Gillis told Global News that he’s been thinking about a reboot of the show for a few years now, but he’s been busy working on developing interactive authoring platforms for his company Skyreader Media Inc.

He’s had a few offers from companies who want to buy the show and characters, but Gillis would rather stay involved and help relaunch the show in a new way. The only question is how. “If I take Raccoons into a brand new relaunch, do I do the obvious and age it up? Is it Raccoons 10 years later? Or is it ‘Baby Raccoons’ like Looney Tunes did, Muppet Babies did?” Gillis added, “what might work the best is just to go back a little bit from when they first met and they were teenagers in school. Because the relationships would have been formed then.”

The original specials were produced in a pre-computer era when animation had to be hand-drawn in Ottawa and then shot frame-by-farm on a 35-millimetre film that was shipped to Montreal for processing. Scenes were composed of hand-painted cels and background drawings, a process which required characters drawn on a transparent sheet to be laid overtop of a static background drawing. That method of animation has long since been abandoned in the industry in favour of computer-based animation.

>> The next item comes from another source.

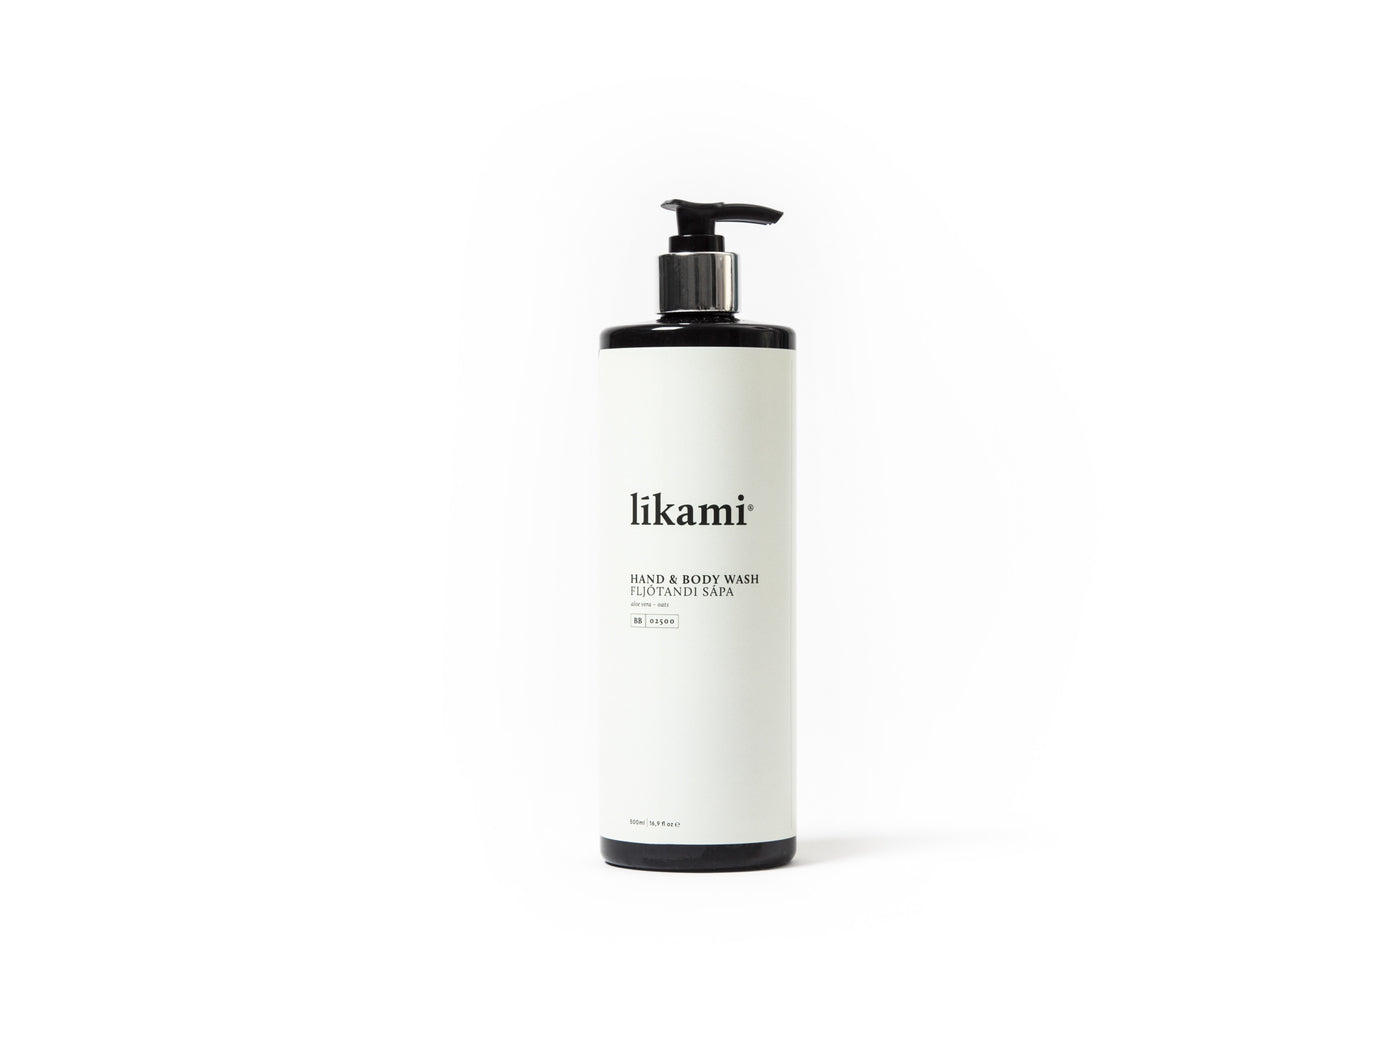 Likami Hand and Body Wash Aloe Vera - Oats

Since they chose not to outsource to Asia as many animation studios did, costs were high, and production time slow. But that wouldn’t be the case for a modern reboot.

As for the direction, Gillis said he’d love to give fans a chance to offer up some ideas for what they’d like to see for the new Raccoons. “The Raccoons, arguably, is probably one of the more famous shows to come out of Canada. We were very fortunate we ended up in 180 countries around the world,” he says.

“I ended up hiring a lot of comedians to write and that brought an irreverence to the series. It was fun, it was funny, but at the same time it was very poignant and it wasn’t in-your-face didactic. We tried to have good clean fun,” Gillis says. Sounds like something kid’s programming could always use a little more of.